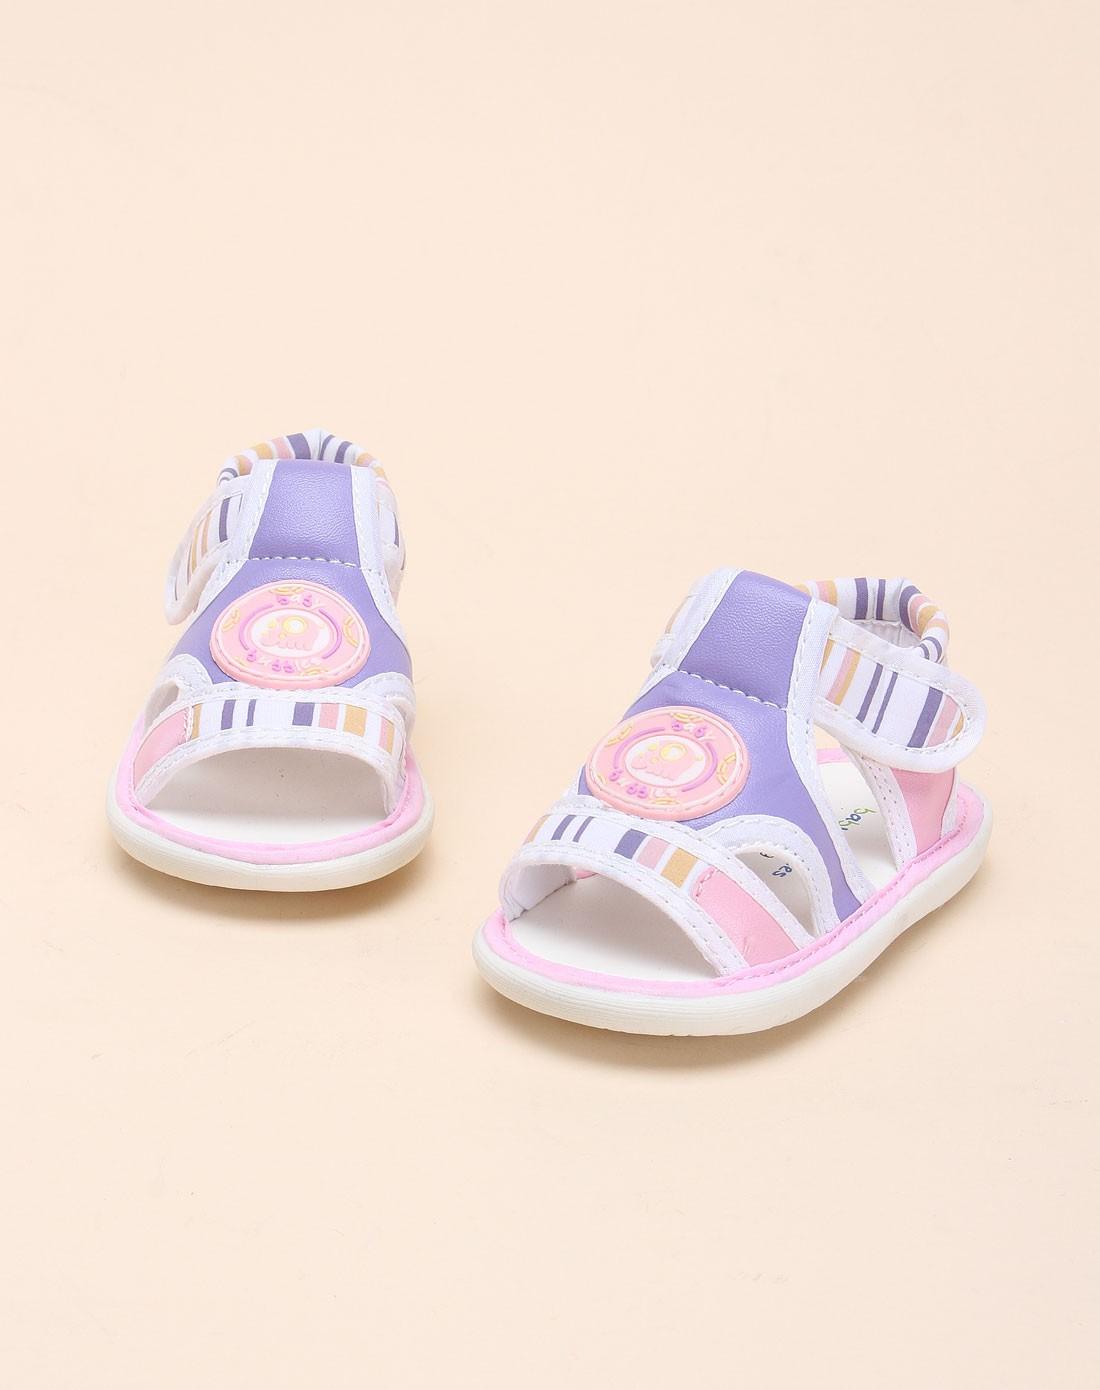 宝宝鞋混合专场-baby bubbles 女童白/紫色太空革/布凉鞋
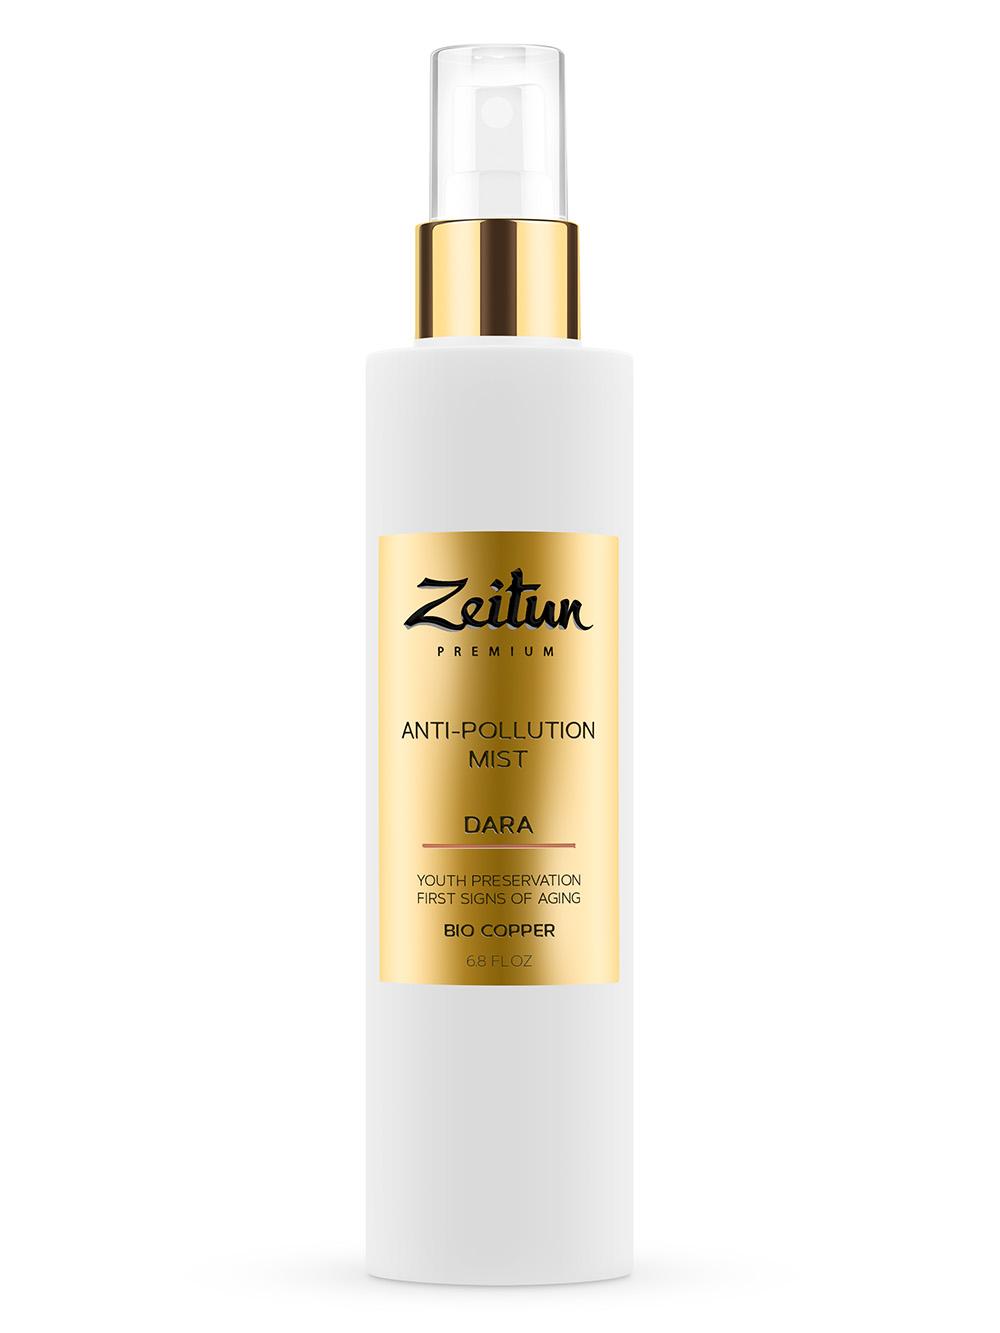 ZEITUN Тоник-мист защитный для сохранения молодости кожи с био-медью / Dara 200 мл
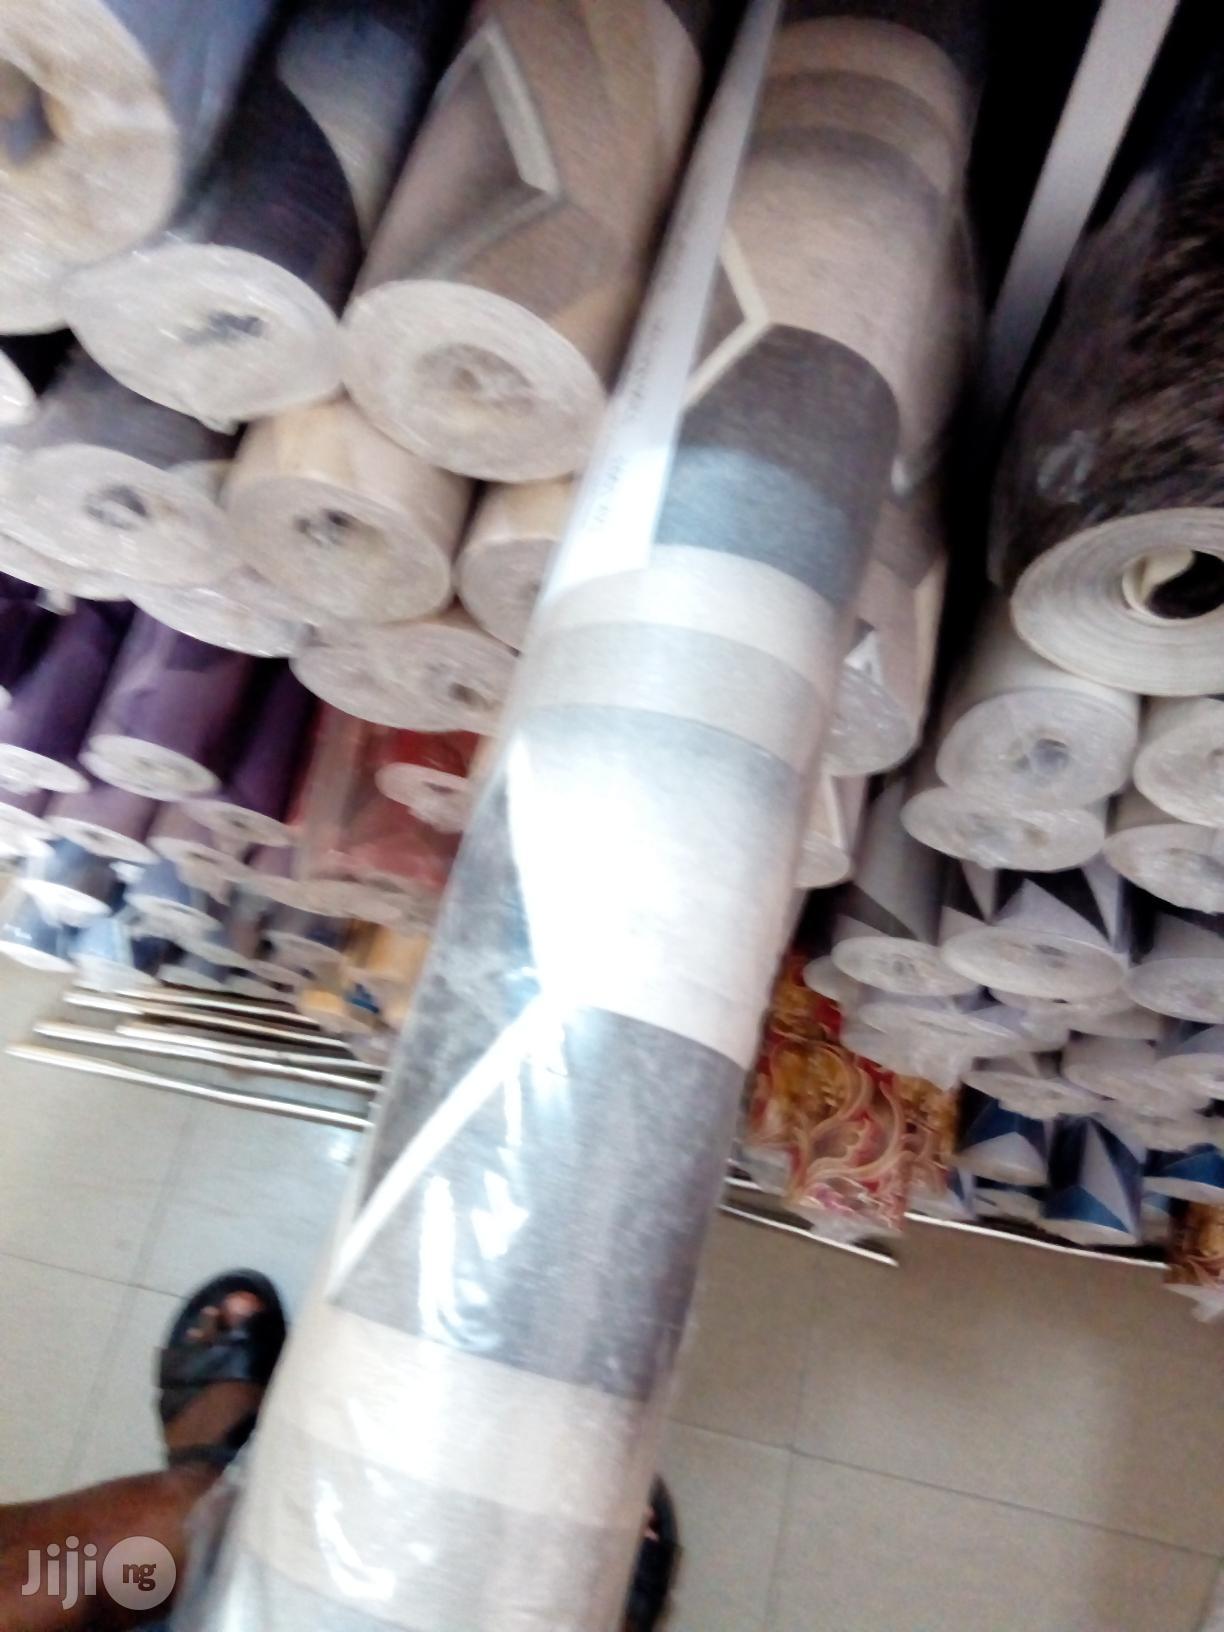 Wallpaper 3D Panels   Home Accessories for sale in Enugu, Enugu State, Nigeria
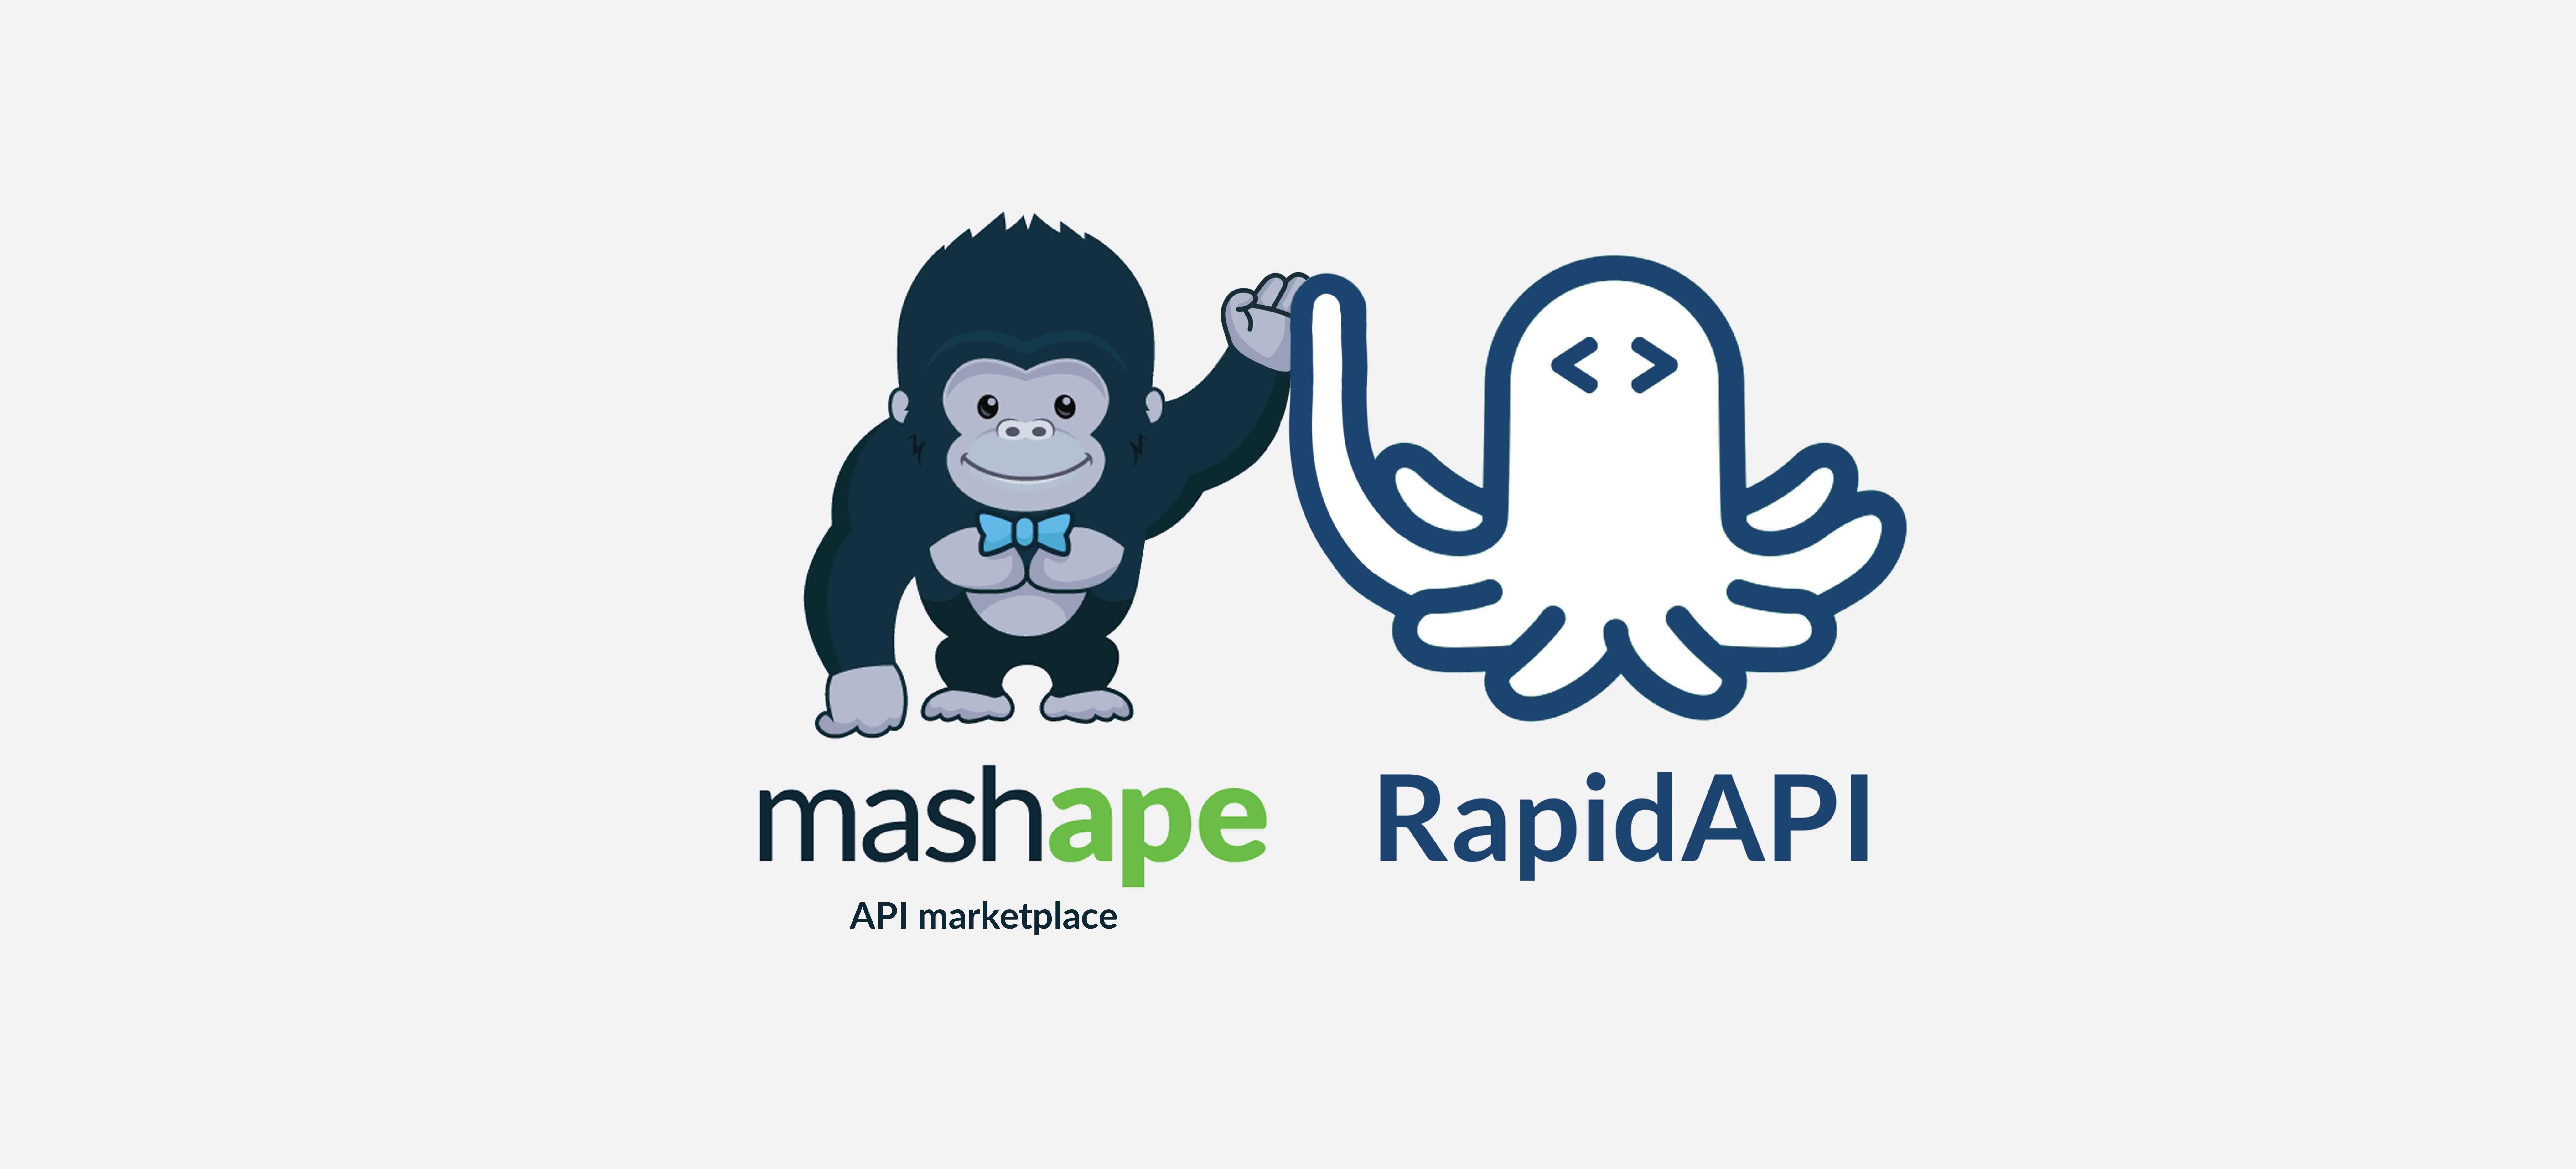 Mashape API RapidAPI

# # #

* WHAT IS EXPECTED *
Your task is to retype, exactly and only, the lines from the line holding "ZEITUN Тоник-мист защитный" through the final line of the data above, with both ends kept. Drop the pictures.

* WRITTEN REPLY *
 ZEITUN Тоник-мист защитный для сохранения молодости кожи с био-медью / Dara 200 мл
 Wallpaper 3D Panels   Home Accessories for sale in Enugu, Enugu State, Nigeria
 Mashape API RapidAPI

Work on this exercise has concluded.